Available data –

--

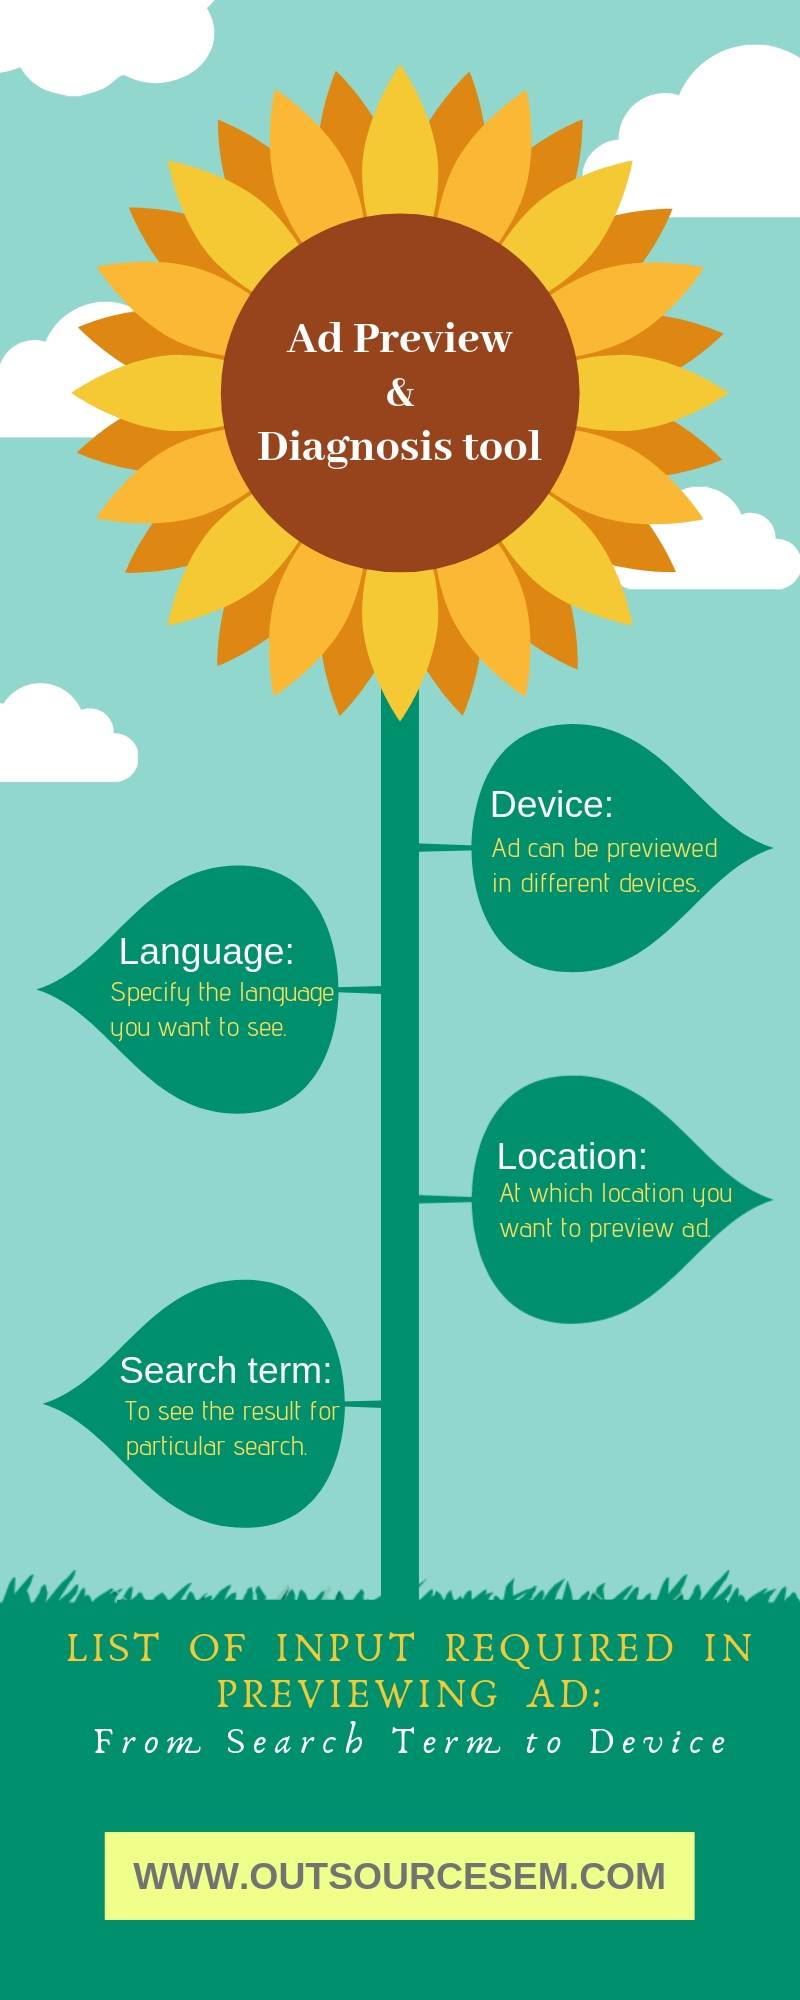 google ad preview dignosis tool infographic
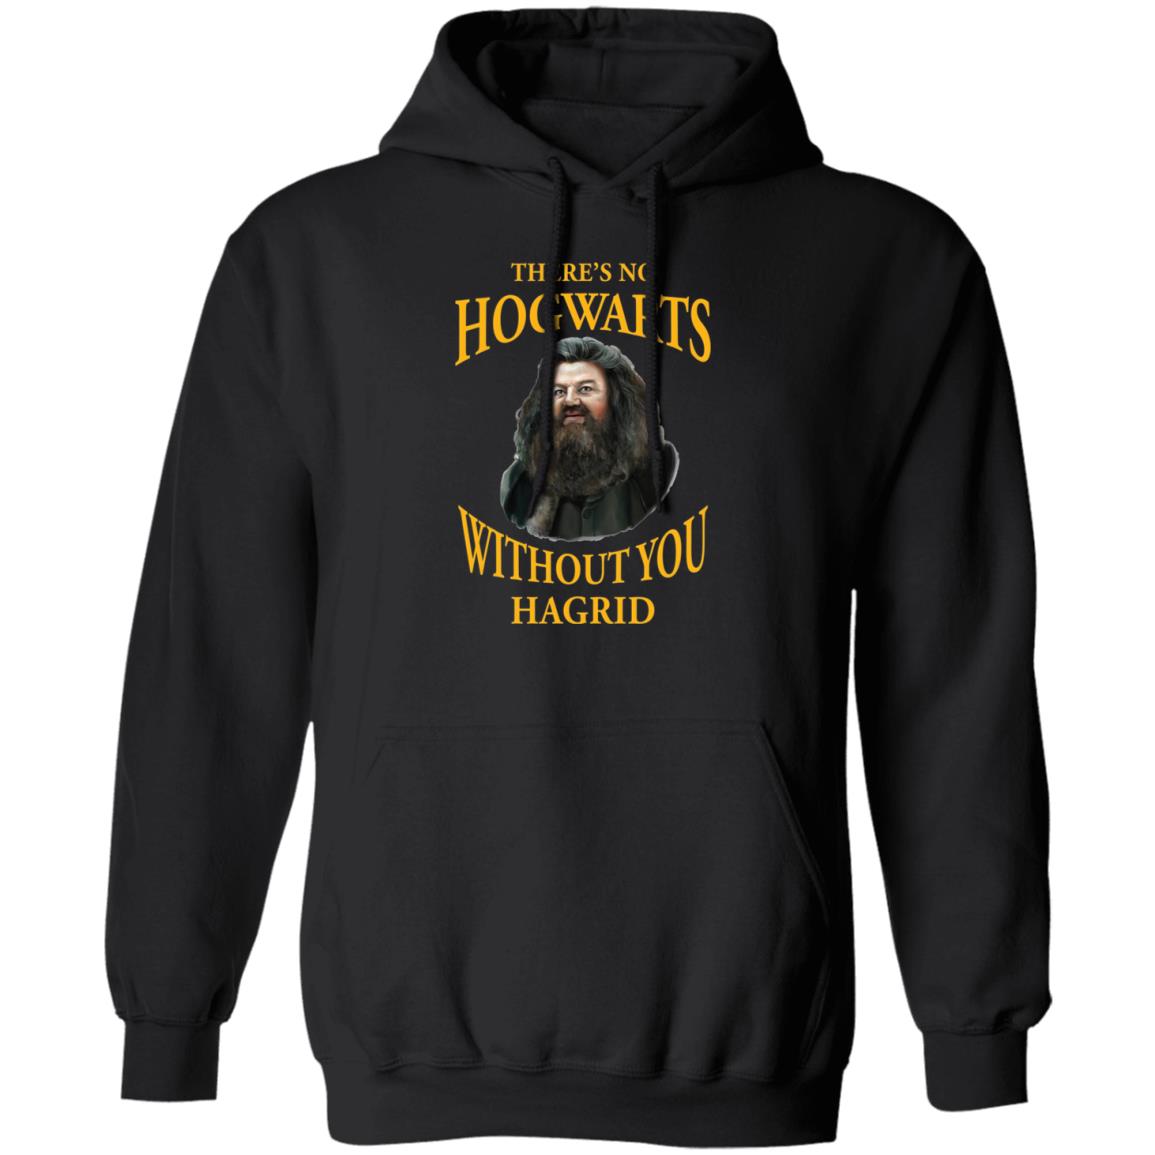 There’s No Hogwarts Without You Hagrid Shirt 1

--

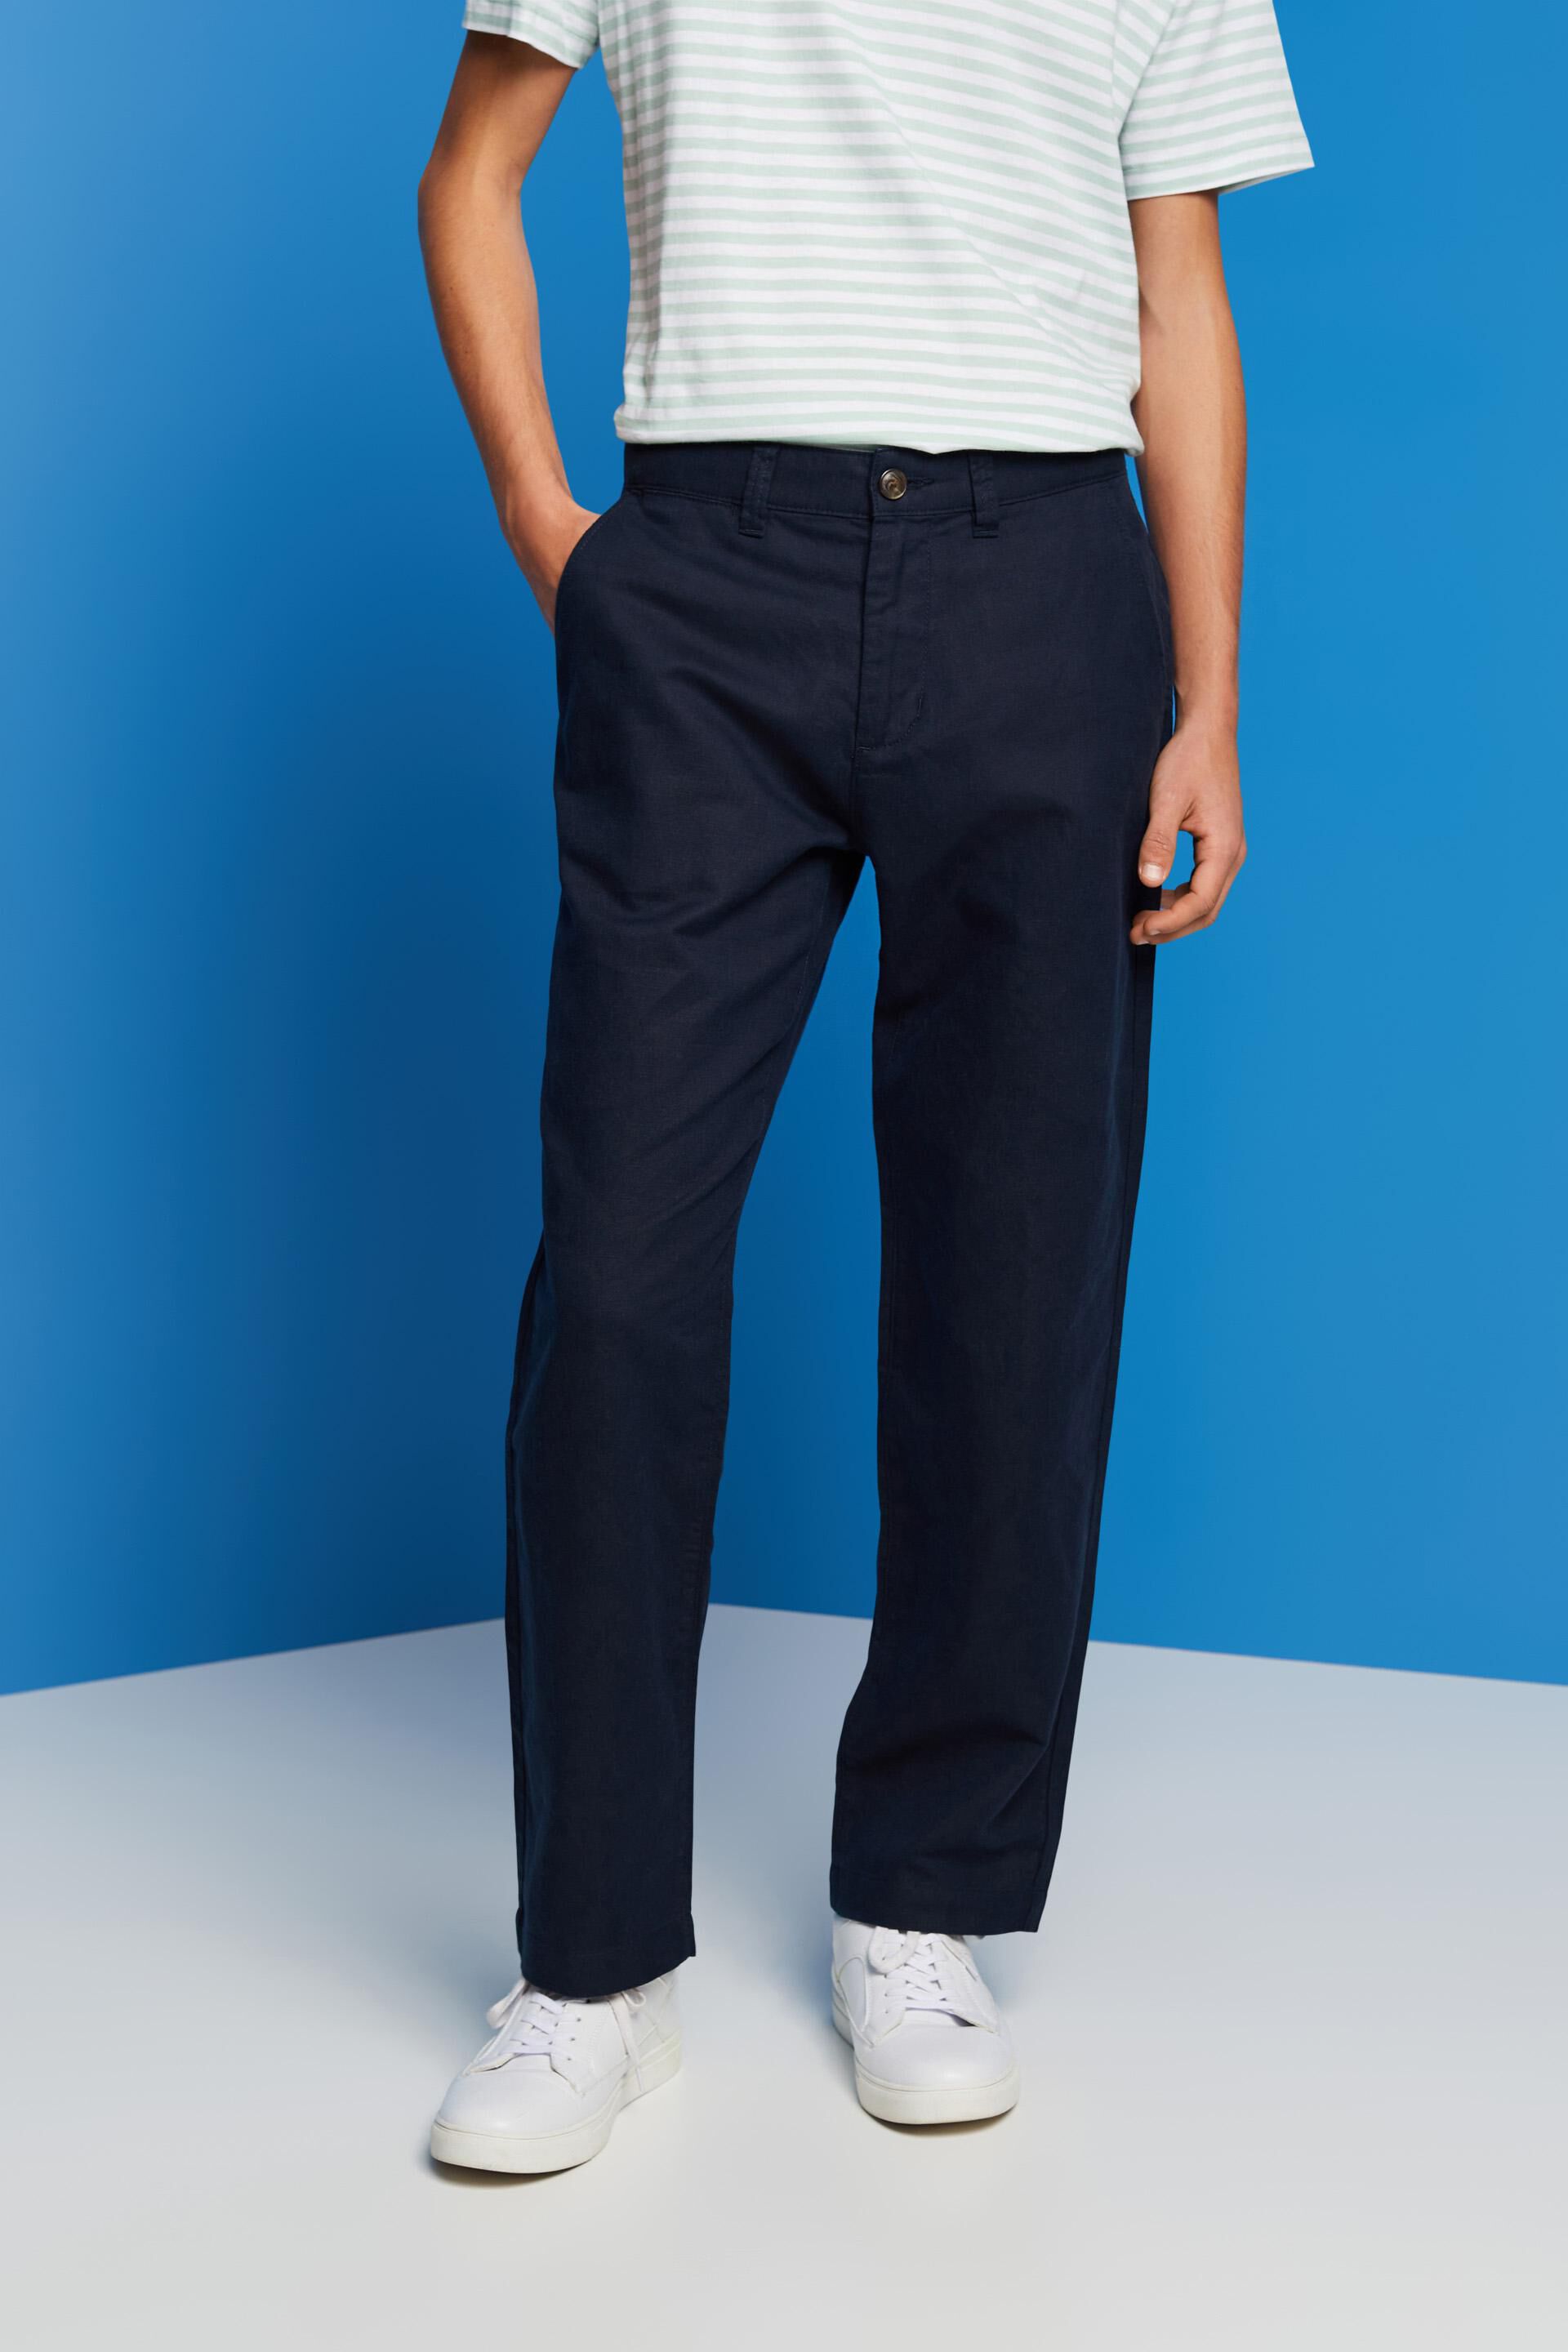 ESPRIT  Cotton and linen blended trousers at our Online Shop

--

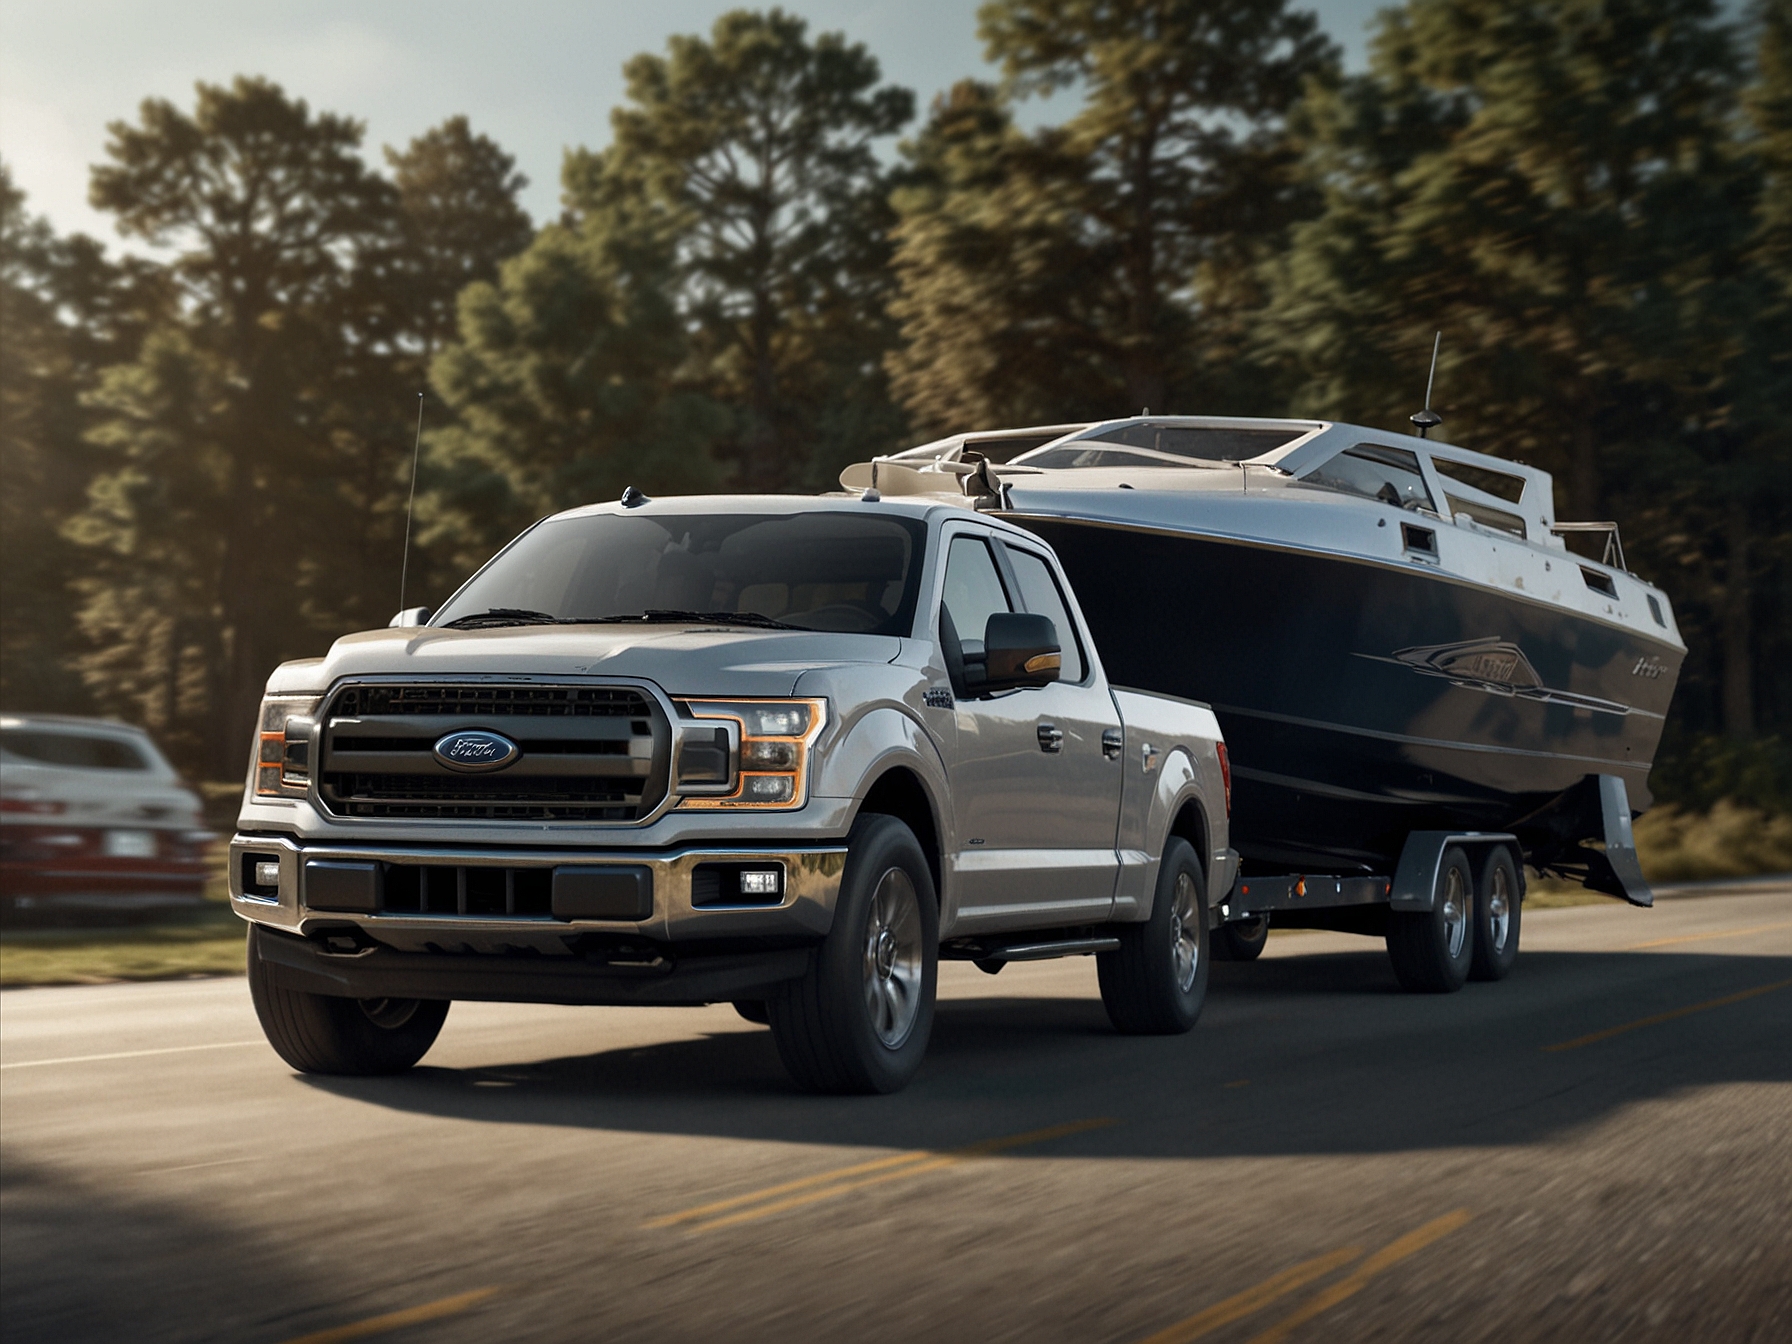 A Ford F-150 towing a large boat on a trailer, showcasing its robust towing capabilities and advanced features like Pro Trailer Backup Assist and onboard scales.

--

Without the pictures, set down the lines above from the line with "google ad preview dignosis tool infographic" up to and including the line with "There’s No Hogwarts" exactly as they stand.

 google ad preview dignosis tool infographic
 There’s No Hogwarts Without You Hagrid Shirt 1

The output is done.